A year in research: focus on retirement investing (goal-based investing, diversification, insurance, precision investing) and sustainable investing (climate change, ESG risks, SRI, greenwashing)

 

As we enter a new year, EDHEC-Risk Institute takes a look back at the most read articles in 2021, covering a diverse range of topics that are at the heart of its expertise.

 

#1 From Climate Change to Asset Prices

By Riccardo Rebonato, Professor of Finance, EDHEC-Risk Institute, EDHEC Business School

The last ten or so years have seen a sea change in the degree of engagement of the financial and investment communities with climate change. There have been innovative ideas to finance the (massive) investment required to build renewable sources of energy to scale or establish carbon sequestration and negative-emission technologies. There has also been a strong commitment by many asset managers to disinvest from carbon-emitting sectors, and to invest in green industries, thereby shifting, it is hoped, the relative cost of capital. Some major sovereign investment funds have taken resolute steps in this direction as well. And, with more and more insistence, investors have begun to ask the existential question of whether it is indeed possible to do well while doing good.

 

By Riccardo Rebonato, Professor of Finance, EDHEC-Risk Institute, EDHEC Business School

 

#2 Diversification and Insurance: Which Should Come First?

Vincent Milhau, Research Director, EDHEC-Risk Institute

Modern portfolio theory suggests that the complex problem of investor welfare maximization subject to various constraints is best handled by jointly using three forms of risk management : diversification, hedging and insurance This discussion raises the following question: if diversification and insurance (i.e., dynamic hedging) are not mutually exclusive techniques, is there an optimal order for them to be performed? Put differently, is it better to diversify a portfolio of insured payoffs or to insure a diversified portfolio? Since insurance has an opportunity cost, which takes the form of a limited participation in the upside of the PSP in favorable scenarios, compensating for the downside protection in unfavorable scenarios, and since diversification has no cost, intuition suggests that it should be more efficient to costlessly diversify away unrewarded risk before insuring the resulting portfolio at a cost.
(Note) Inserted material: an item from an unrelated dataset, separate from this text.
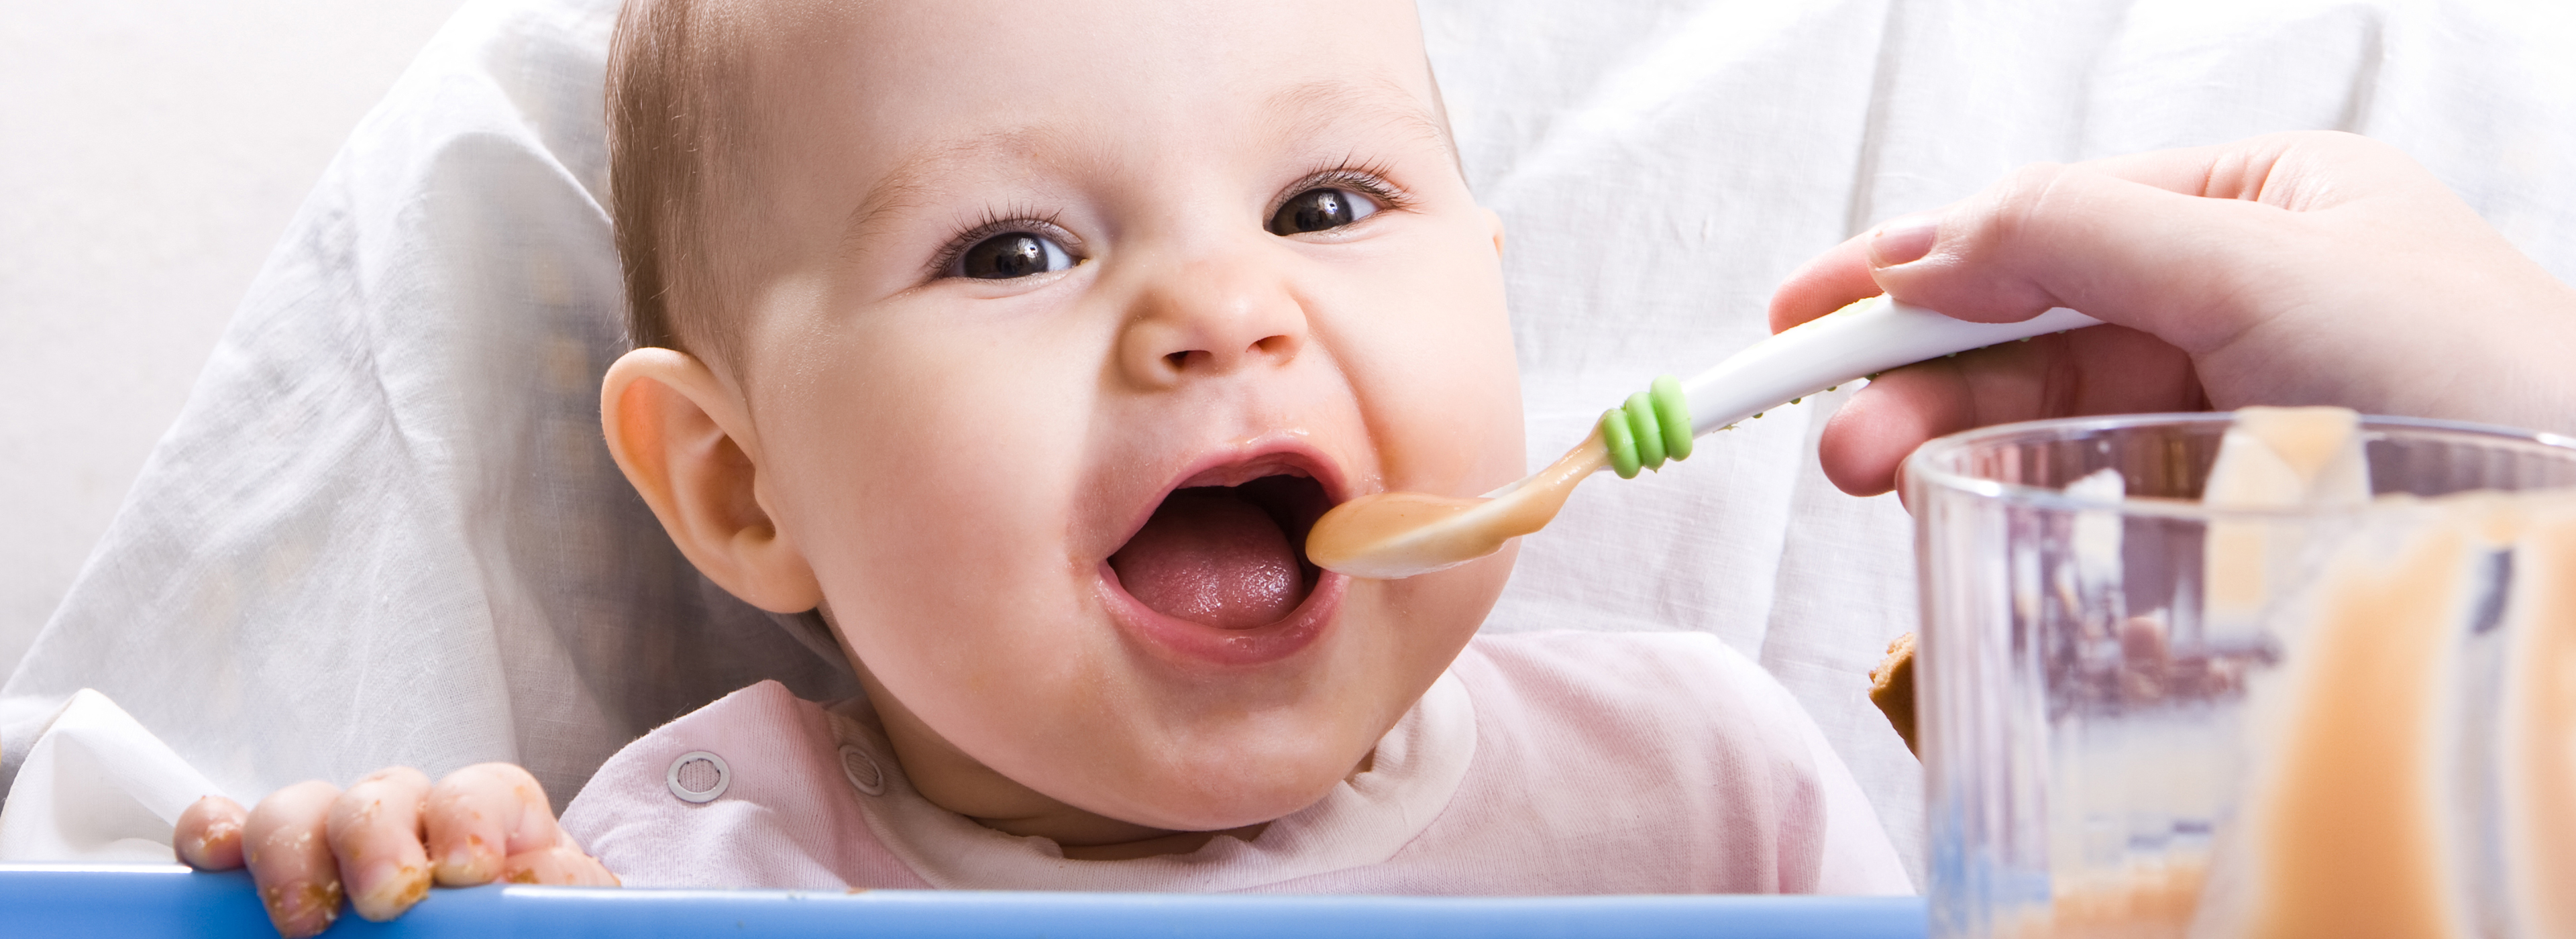 Frutas aptas para bebés de 6 meses 🍏 Blog Hero Baby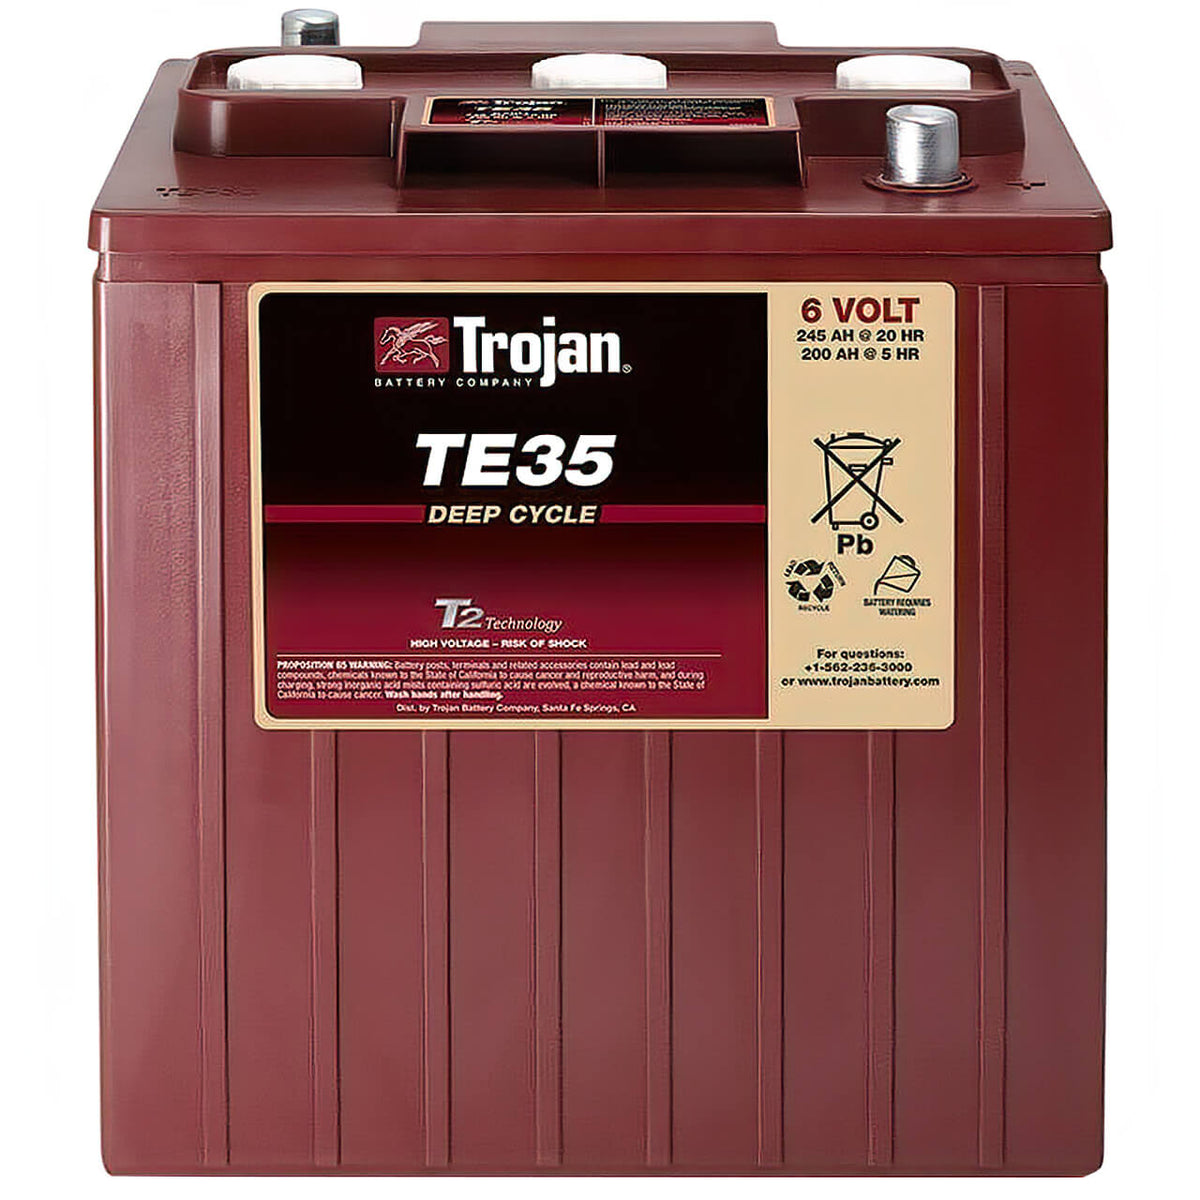 Traktionsbatterie Trojan TE35 6V 245Ah Front

This lower opportunity cost is reflected in the lower price of the put option that protects against downside risk if the volatility of the underlying asset has been reduced first by diversification.

 

The research from which this article was drawn was produced as part of the EDHEC-Risk Institute/FirstRand research chair on “Designing and Implementing Welfare-Improving Investment Solutions for Institutions and Individuals”.

 

 By Nicole Beevers, Quantitative Strategist at Rand Merchant Bank, a division of FirstRand Bank Limited, Hannes Du Plessis, Quantitative Strategist at Rand Merchant Bank, a division of FirstRand Bank Limited, Lionel Martellini, Professor of Finance, EDHEC Business School, Director, EDHEC-Risk Institute; and Vincent Milhau, Research Director, EDHEC-Risk Institute

 

#3 Measuring and Managing ESG Risks in Sovereign Bond Portfolios

Lou-Salomé Vallée, PhD Candidate in Finance and Teaching Assistant at EDHEC Business School.

Over the past decade, sustainable and responsible investing have gained momentum and continue to grow in popularity among investors, and it is increasingly recognized that the financial system has a particularly important role to play in the transition towards a low-carbon and climate-resilient economy.The integration of sustainability considerations into the decision-making process for investments, as measured by Environmental, Social and Governance (ESG) indicators, has been driven by investor demands, fiduciary duty, climate change and the development of new regulations and values. Sustainability in the financial sector is becoming mainstream and is reshaping global markets. In a recent paper, we explore the impact of ESG factors on the risk and return of sovereign bonds from an investor perspective, in particular investigating how to measure and manage EGS risks in sovereign bond portfolios and their implications for sovereign bond portfolio strategies.

 

The research from which this article was drawn was produced as part of the Amundi ETF, Indexing and Smart Beta Investment Strategies research chair at EDHEC-Risk Institute. 

 

By Lionel Martellini, Professor of Finance at EDHEC Business School and Director of EDHEC-Risk Institute; Lou-Salomé Vallée, PhD Candidate in Finance and Teaching Assistant at EDHEC Business School.

 

#4 Investing in Times of Covid

By Riccardo Rebonato, Professor of Finance, EDHEC-Risk Institute, EDHEC Business School
If an investor did not know the meaning of the word COVID, and could only observe the level of the S&P500 in January 2020 and one year thereafter, she could be forgiven for thinking that COVID must be something very good for the economy, as over this period the index climbed from 3,200 to above 3,800. And if she still harboured any doubts, she could check the BofA High-Yield index, which stood at 5.23% one year ago, and, as I write, hovers below 4.5%. Definitely, this COVID thing must not only be good for the economy but also make corporate balance sheets more solid.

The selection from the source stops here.